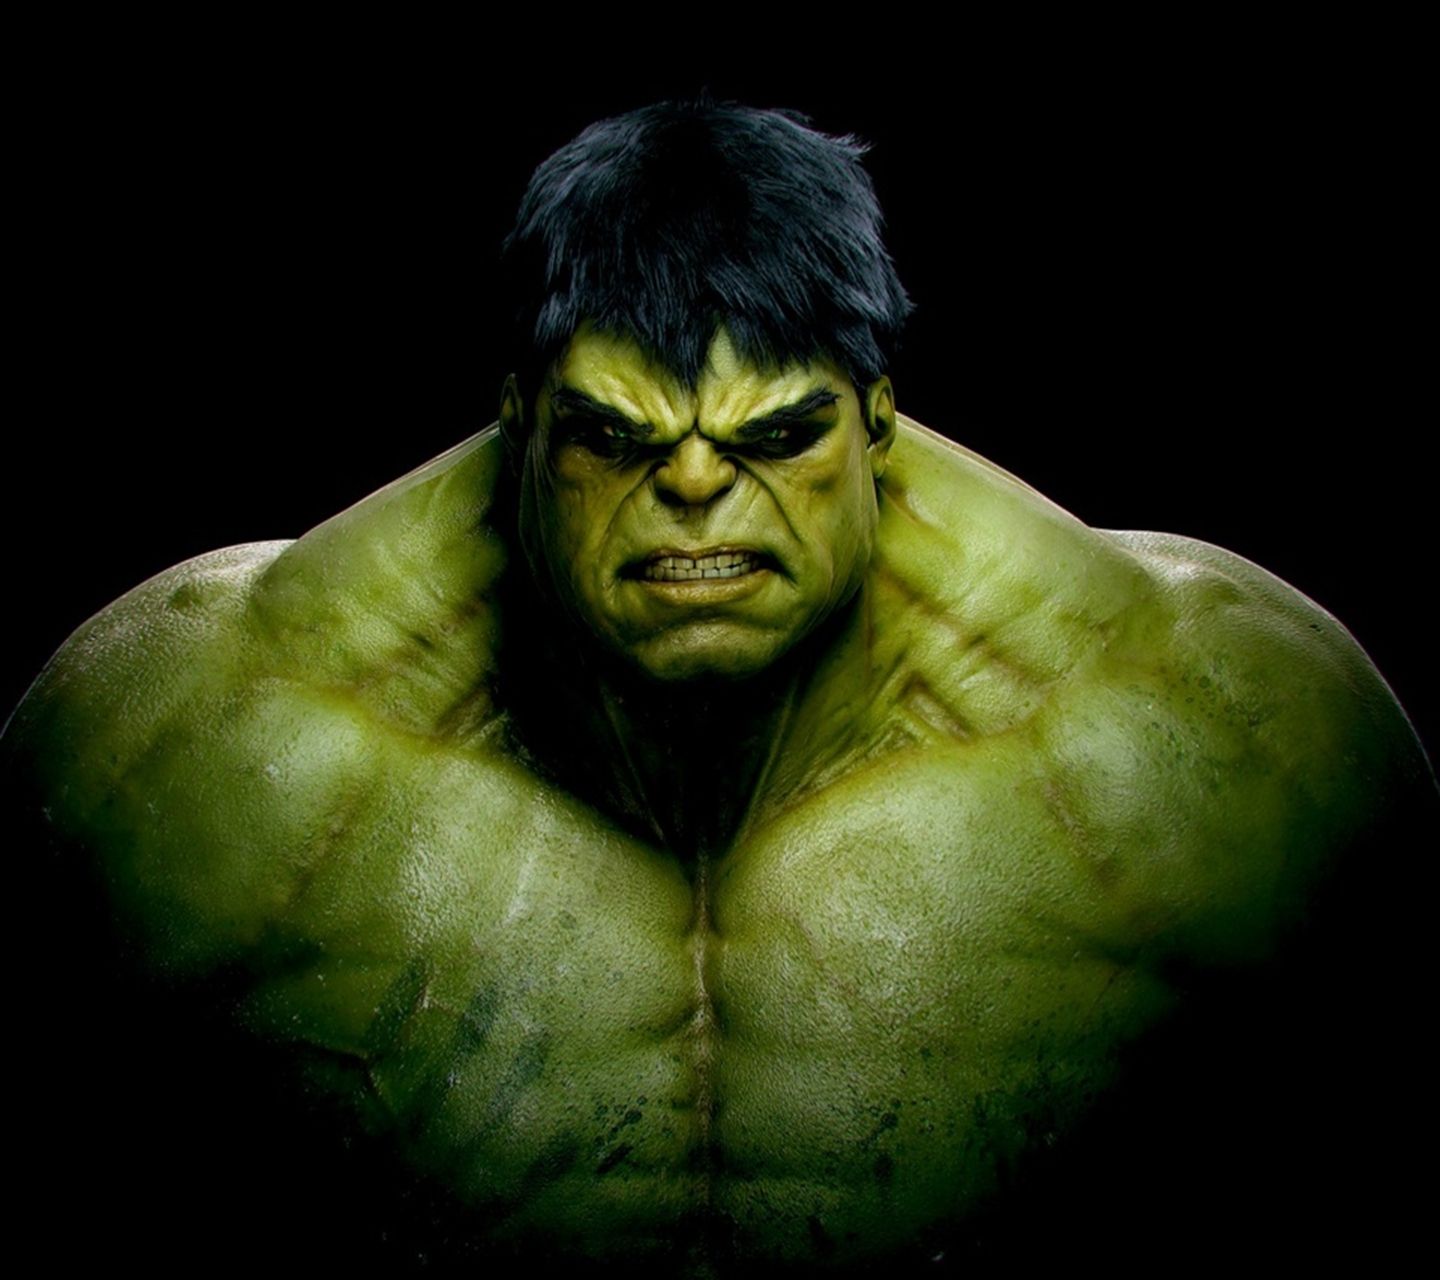 Angry hulk. Incredible Hulk. Avenger Hulk. Hulk Amoled Wallpaper 2020. MY FB IMAGES
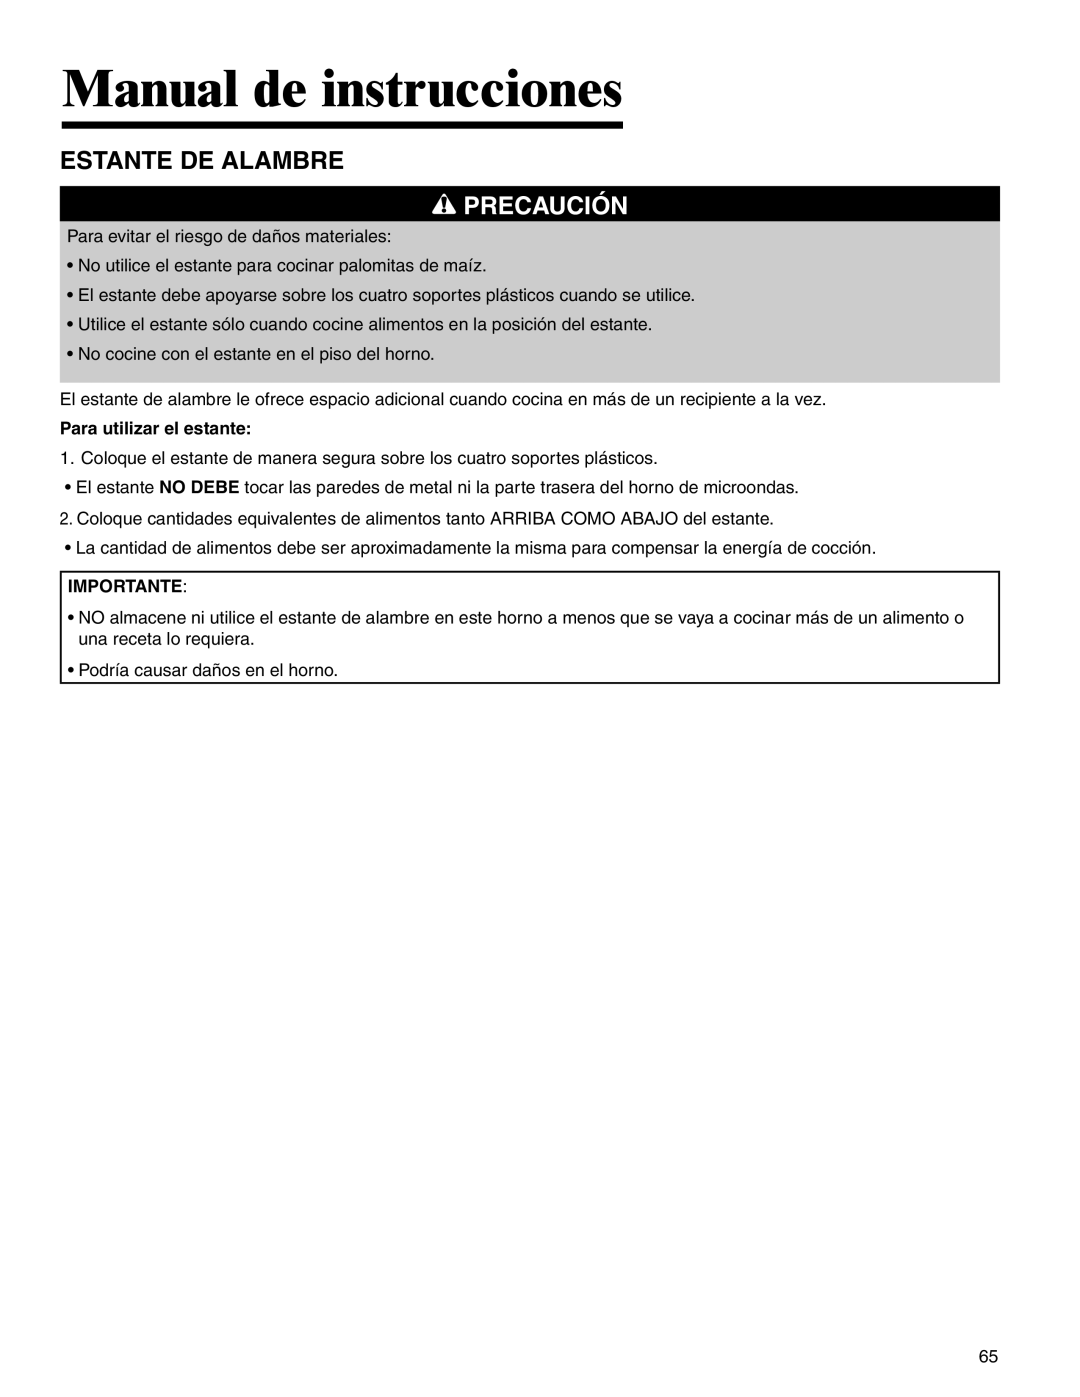 Amana AMV5164BA/BC important safety instructions Estante De Alambre, Manual de instrucciones, Precaución 
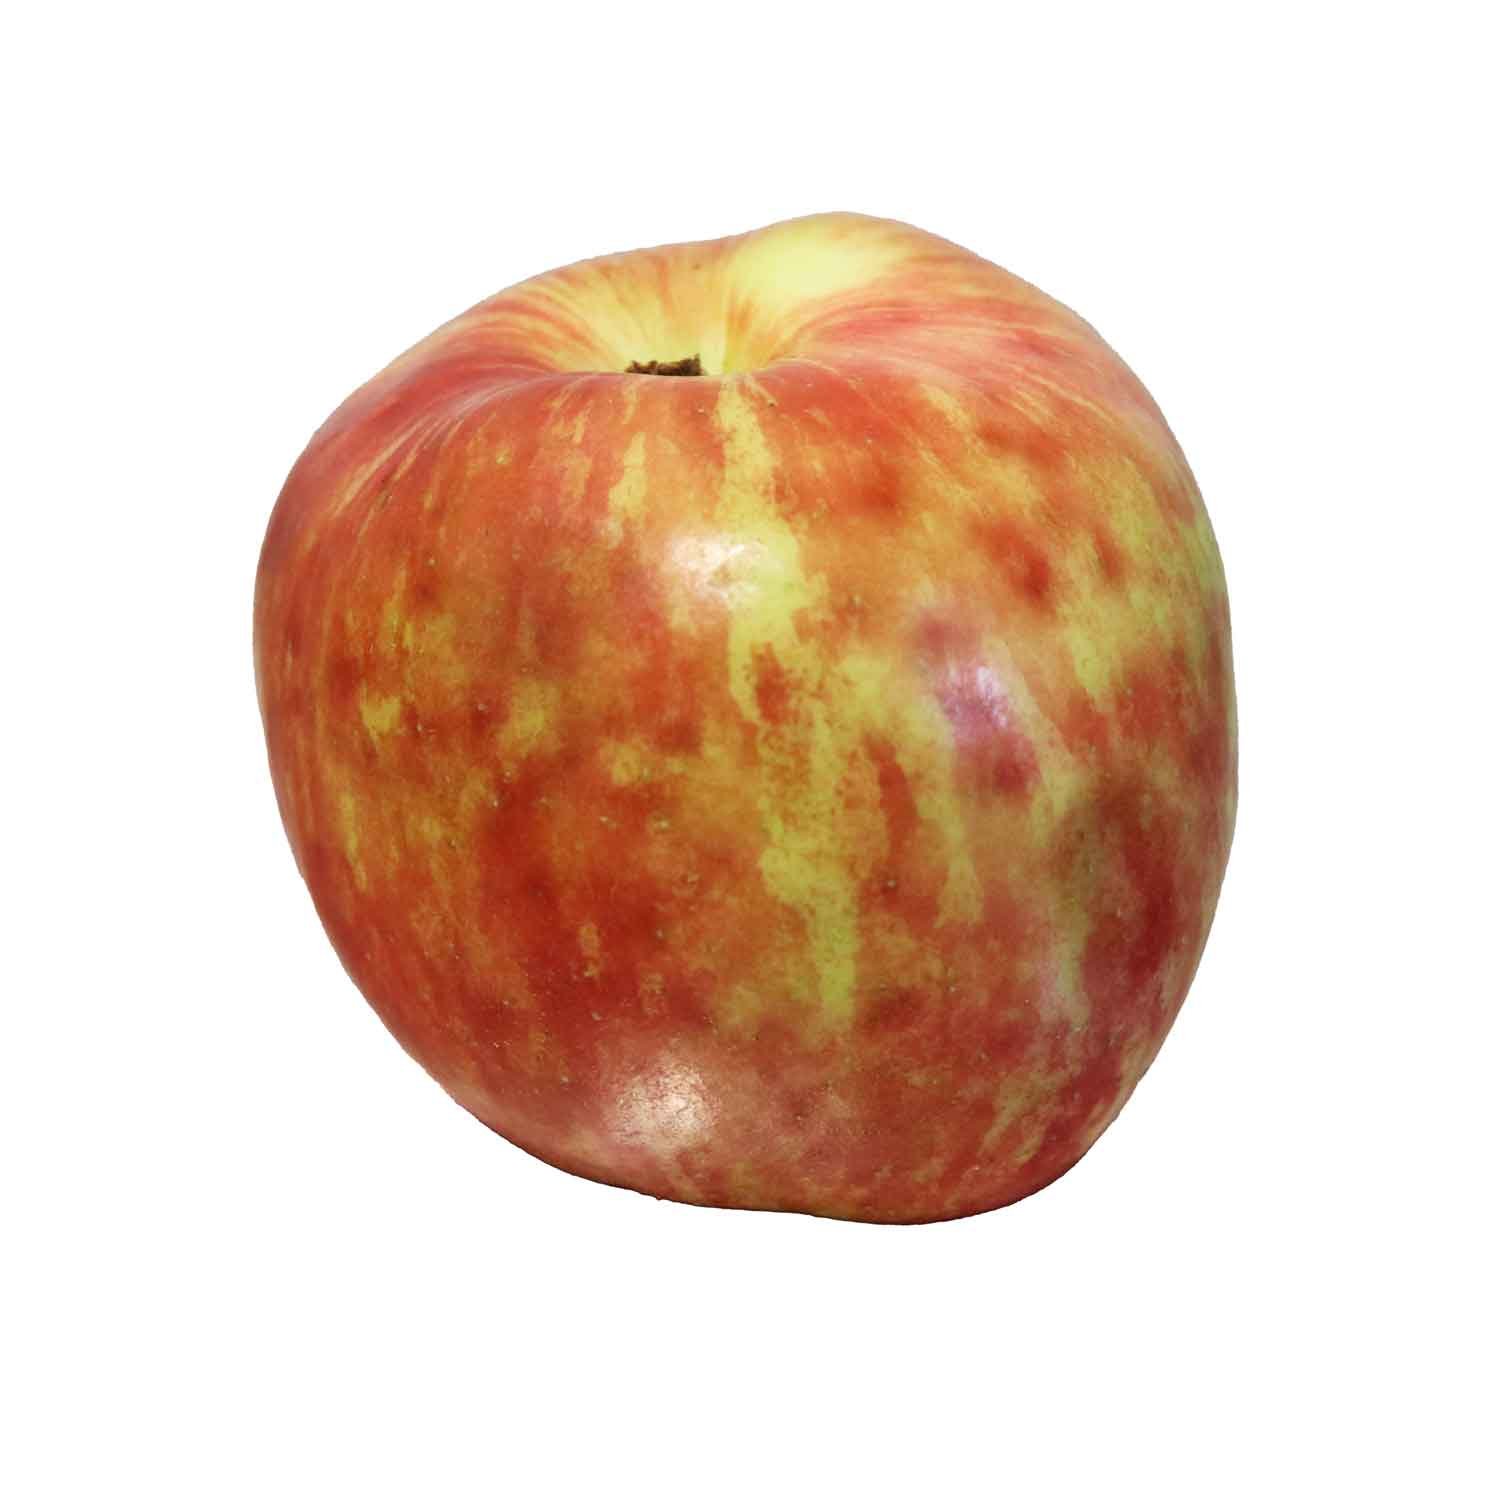 Æbletræ 'Rød Gråsten' M9

- - - - - - -

### Work to complete
Send back every line of the listing exactly. Omit the images.

### Exercise result
 Angry hulk. Incredible Hulk. Avenger Hulk. Hulk Amoled Wallpaper 2020. MY FB IMAGES
 Amana AMV5164BA/BC important safety instructions Estante De Alambre, Manual de instrucciones, Precaución 
 Æbletræ 'Rød Gråsten' M9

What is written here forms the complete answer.